* [Extracted information]
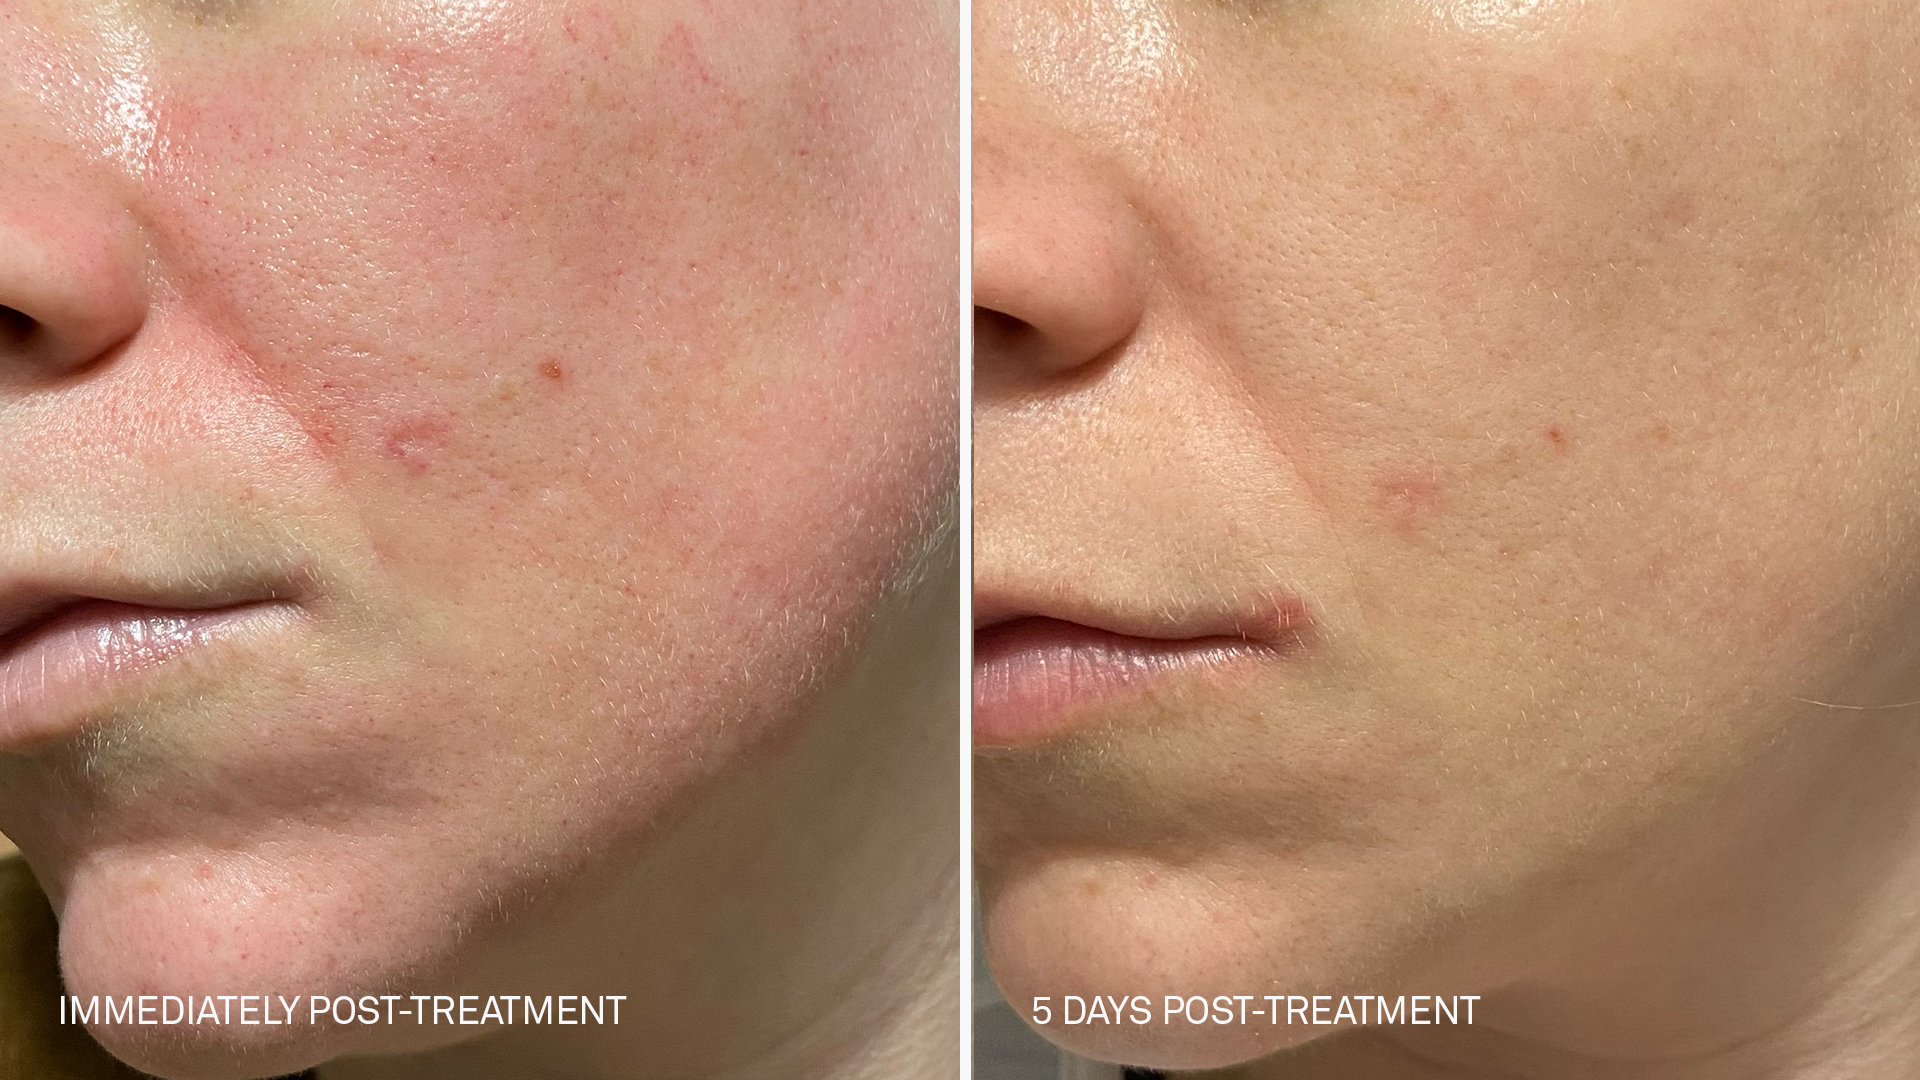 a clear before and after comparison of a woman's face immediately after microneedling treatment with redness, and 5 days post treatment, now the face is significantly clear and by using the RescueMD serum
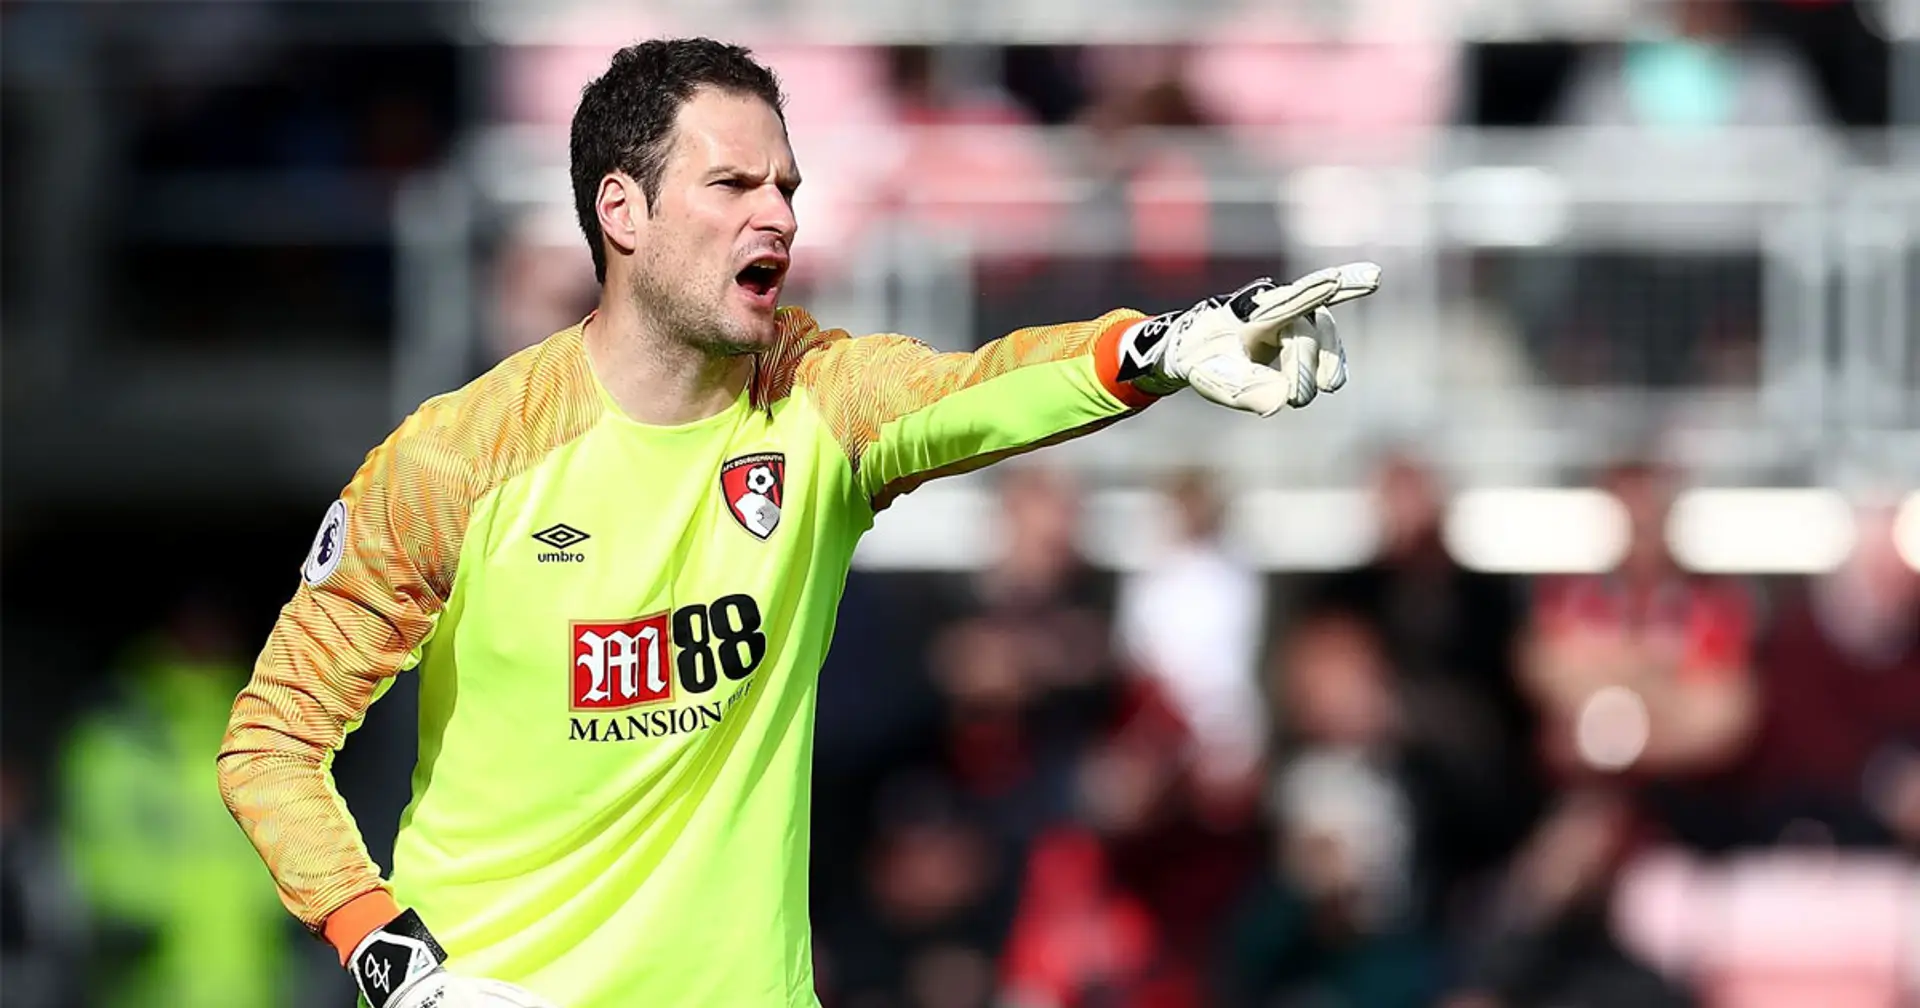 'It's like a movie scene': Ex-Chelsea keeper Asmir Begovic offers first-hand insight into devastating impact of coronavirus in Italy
---
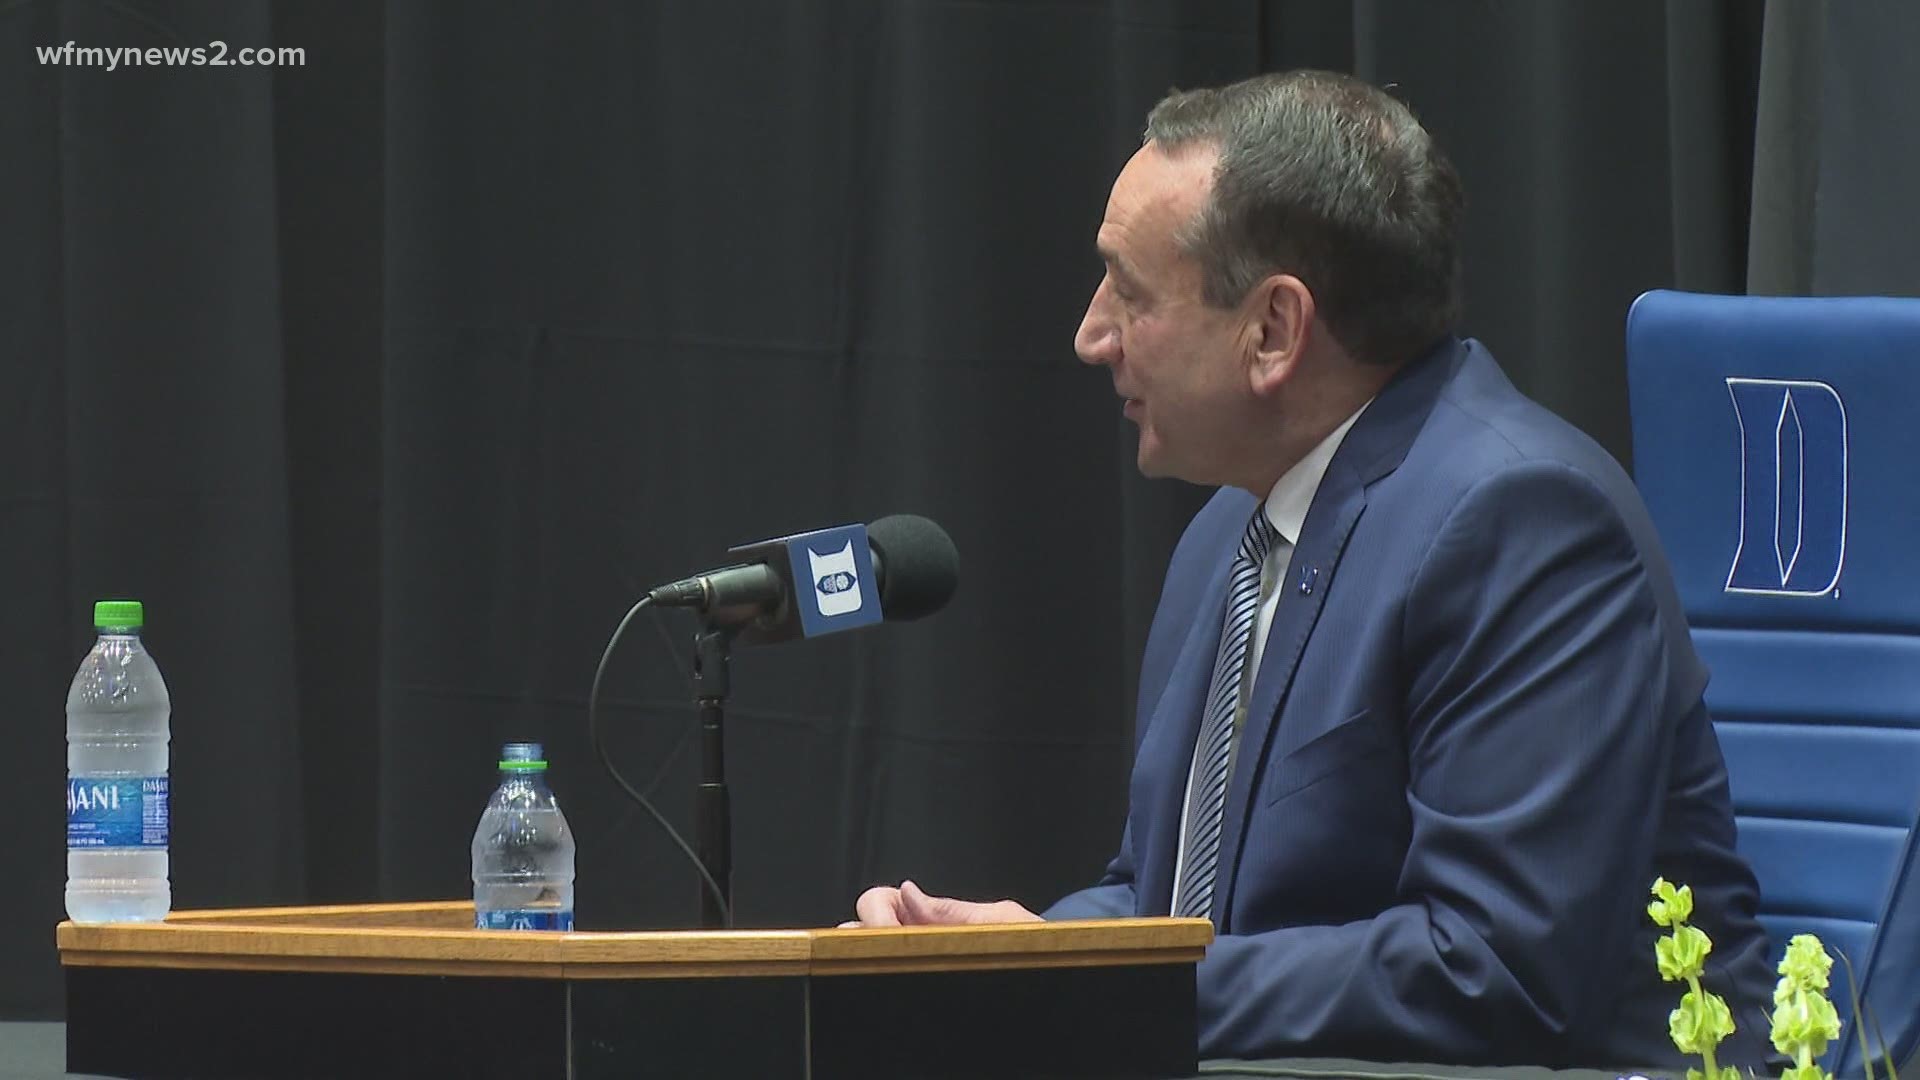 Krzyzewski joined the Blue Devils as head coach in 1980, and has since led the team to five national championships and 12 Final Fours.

* [What to work on] Exactly as written above, retype the lines starting at the one holding "a clear before" and ending at the one holding "coronavirus in Italy", both included, but not the pictures.

* [Result of this exercise]
 a clear before and after comparison of a woman's face immediately after microneedling treatment with redness, and 5 days post treatment, now the face is significantly clear and by using the RescueMD serum
 'It's like a movie scene': Ex-Chelsea keeper Asmir Begovic offers first-hand insight into devastating impact of coronavirus in Italy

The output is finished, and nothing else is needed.